榎本博明氏の主張は、私の考えに近いことが多い。
したがって、榎本氏の著書は私自身の考えを補強するために読むことが多く、本書もその趣旨で読んだ。
2000年にノーベル賞を受賞したジェームズ・ヘックマンは就学前教育で大事なのは非認知能力であることを明らかにした。
非認知能力とは、
・我慢する力
・動機付ける力
・展望を持つ力
・自分を信じる力
・他者を理解する力
・衝動をコントロールする力
などのことであり、それらは「忍耐力」や「克己心」といった日本の教育で重視されてきたものであると指摘する。
さらに、本書で特筆すべきは、
①アクティブラーニングの否定
②キャリア教育の否定
の2点である。
①アクティブラーニングの否定
勉強の本質は孤独の中で思考するところにあり、わきあいあいと仲間と語り合うところにあるのではない。もちろん、友人との価値的な対話が学習意欲につながったり、コミュニケーション能力の向上につながることはあるだろう。

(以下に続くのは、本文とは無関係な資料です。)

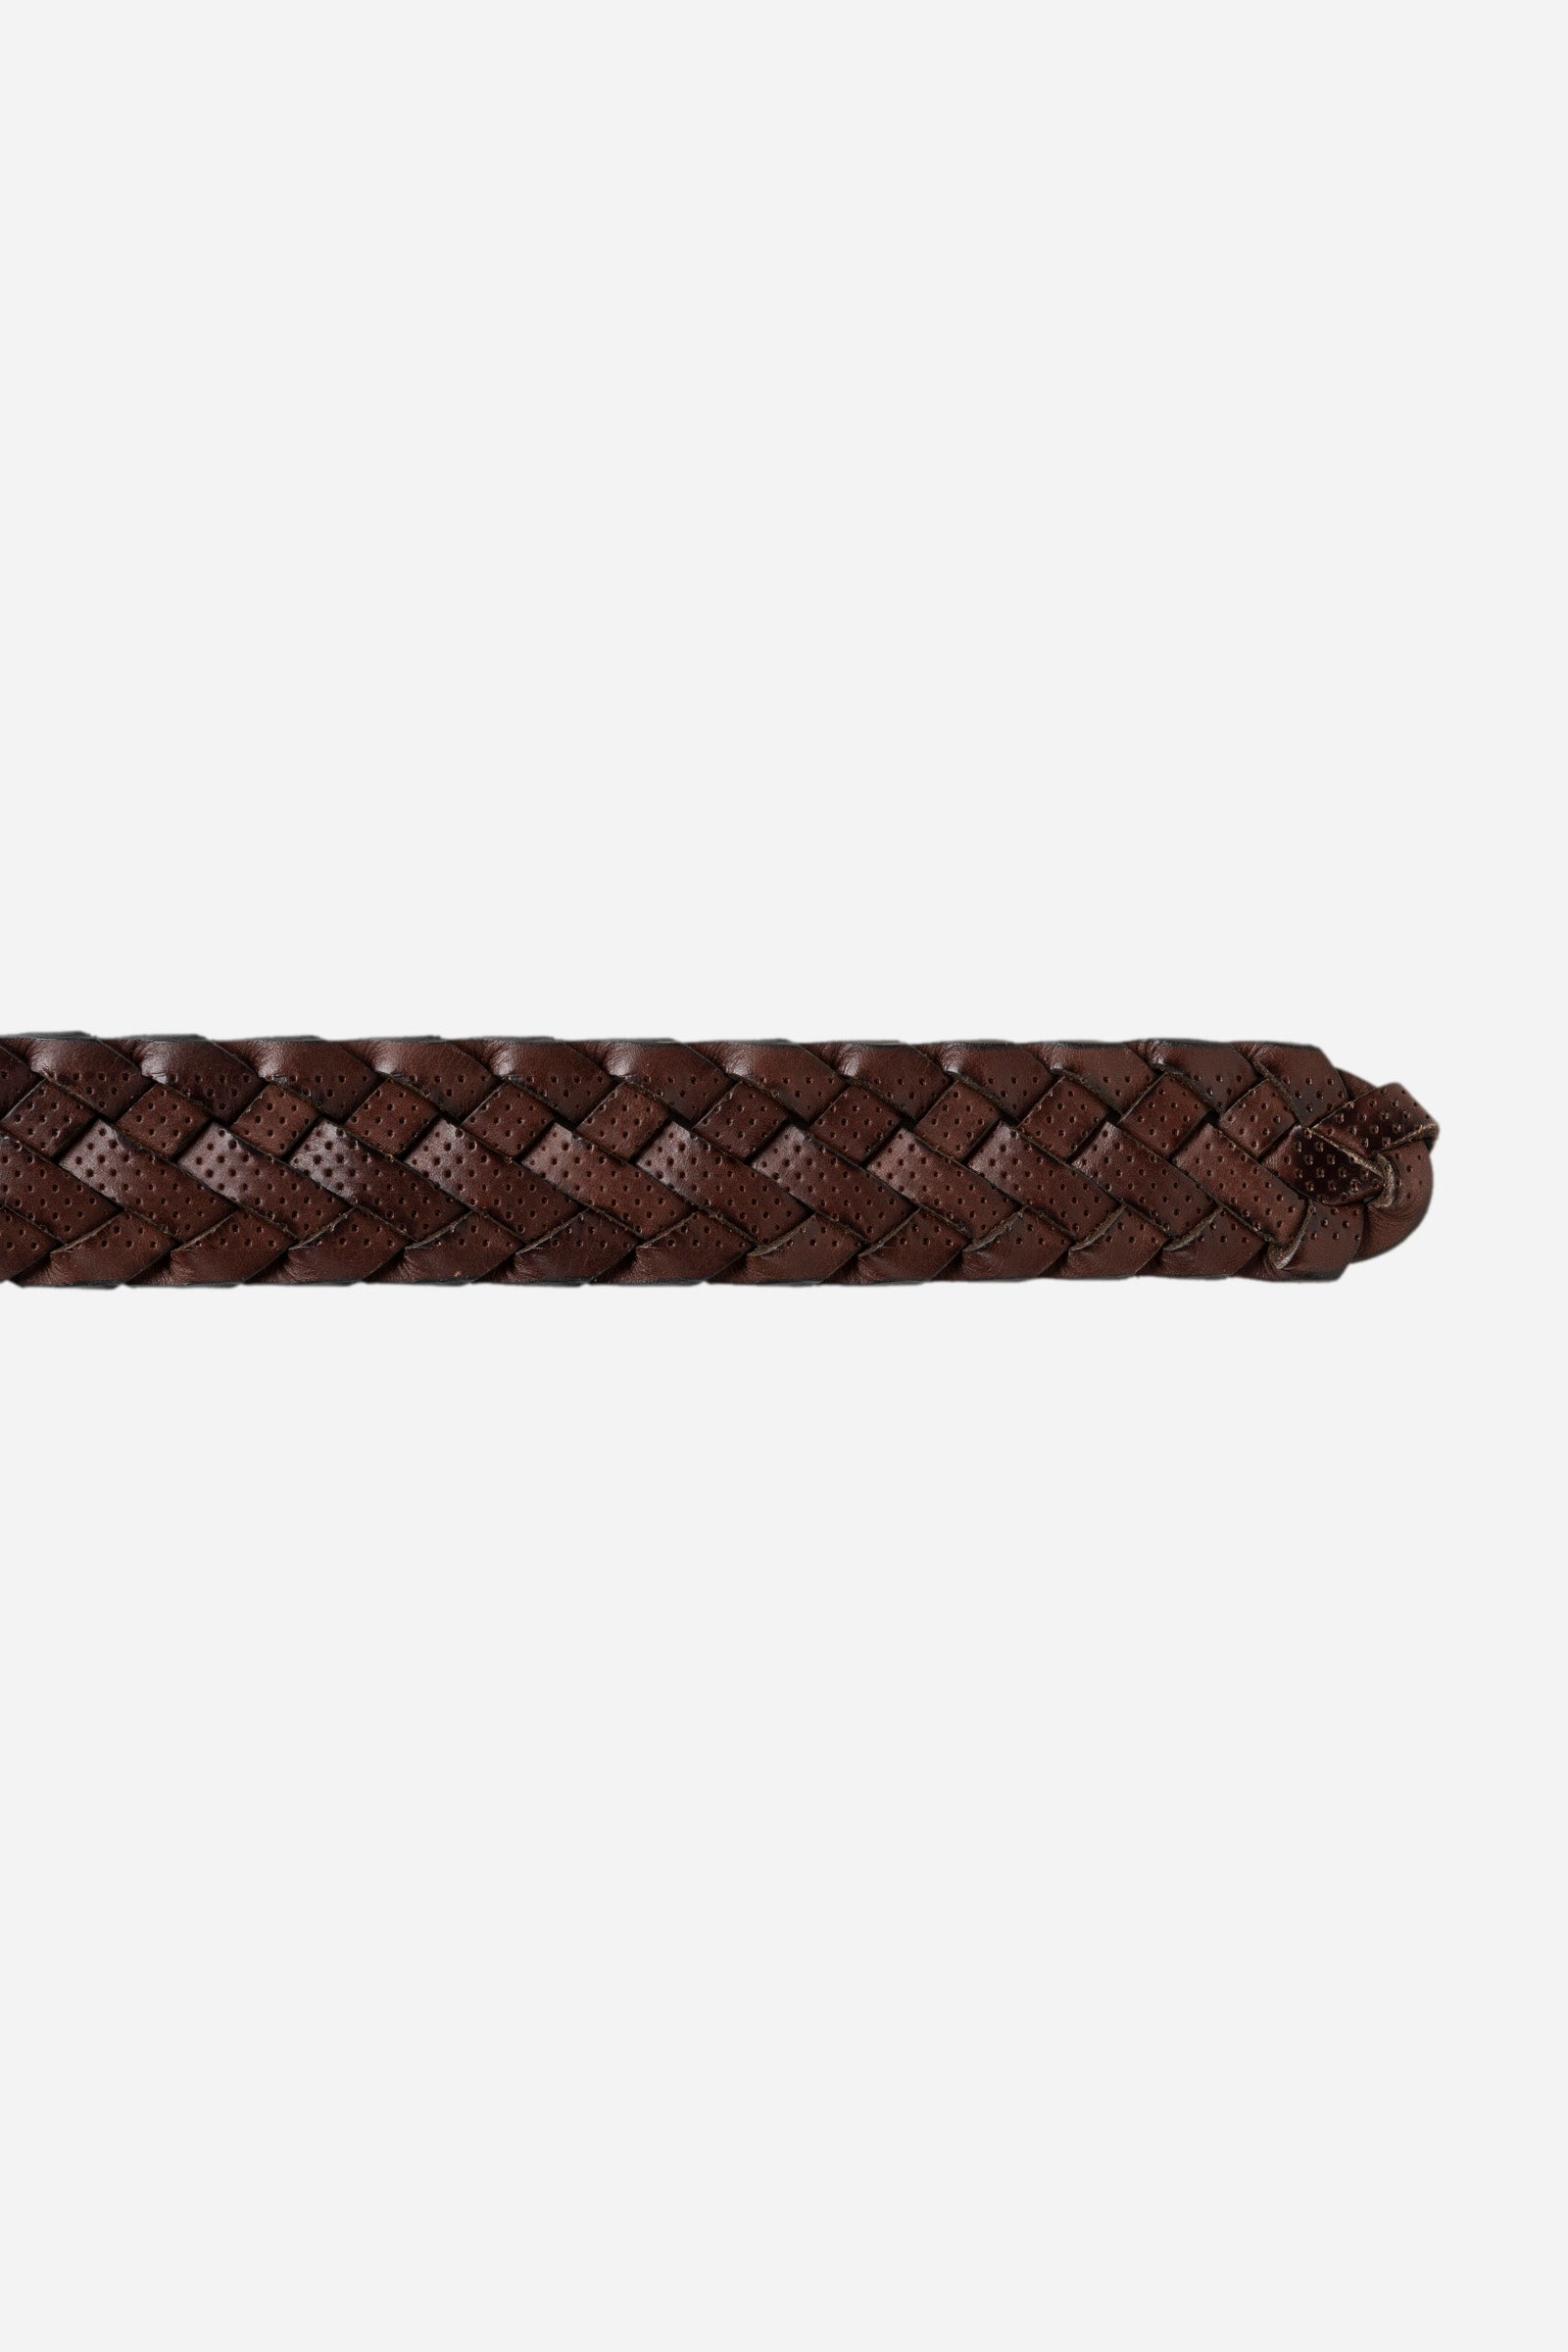 Men's belt in woven leather

しかし、勉強をしていなければ、友人との価値的な対話そのものが成り立たない。一方的に話を聞くだけなら、授業を受けるのと同じでありもはやアクティブラーニングではない。
さらに、アクティブかどうか、つまり学習意欲がアクティブかどうかは、精神的な問題であり、友人と語らうかどうかという行動とは無関係である。
教師・講師の一方的な講義であっても精神がアクティブであれば、つまり学習意欲が高ければ、それがアクティブラーニングである。
②キャリア教育の否定
激動の時代に中学生が職業体験をすることに、どれほどの意味があるのか、どれほどの価値があるのか不明である。
キャリア心理学では、
・クランボルツの「計画された偶発性理論」
・ジェラットの「積極的不確実性理論」
・ブライトとプライヤーの「キャリアのカオス理論」
など、不確実性を折り込む必要性が強調されている。
さらに、「好きなことを仕事にしよう」というアプローチを榎本は否定する。好きなことが明確で、その道で生きていくと決められる若者はそれでいい。

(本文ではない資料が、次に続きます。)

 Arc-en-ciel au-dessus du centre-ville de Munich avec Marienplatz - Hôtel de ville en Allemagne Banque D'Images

しかし、好きなことが分からない若者も少なくない。否、「好きなことがあっても、それが仕事にならない」のが普通だから、「仕事になるような好きなこと」は容易に見つからないものなのだ。
立川志の輔は大学では落語研究会に入っていたが、広告代理店に就職する。しかし、落語への思い止みがたく、30歳のときに立川談志に弟子入りする。
「好きなこと」とはどうしても抑え切れない衝動であり、探して見つかるような代物ではない。
目の前の仕事を一生懸命やって、それが好きになれたらそれで良いのだ。目の前の仕事を一生懸命やっても、他に好きなことが出てきたら、そちらに行ったって構わない。
「好きなことを仕事にすれば苦労少なく人生を送れる」という発想では、好きなことを仕事にすることも、仕事を好きになることも難しいのではないか。
なぜなら、苦労を乗り越える充実が真の「楽しさ」だから。人生の充実とは「成長」のことだから。
人生の幸福は「成長率で決まる」から。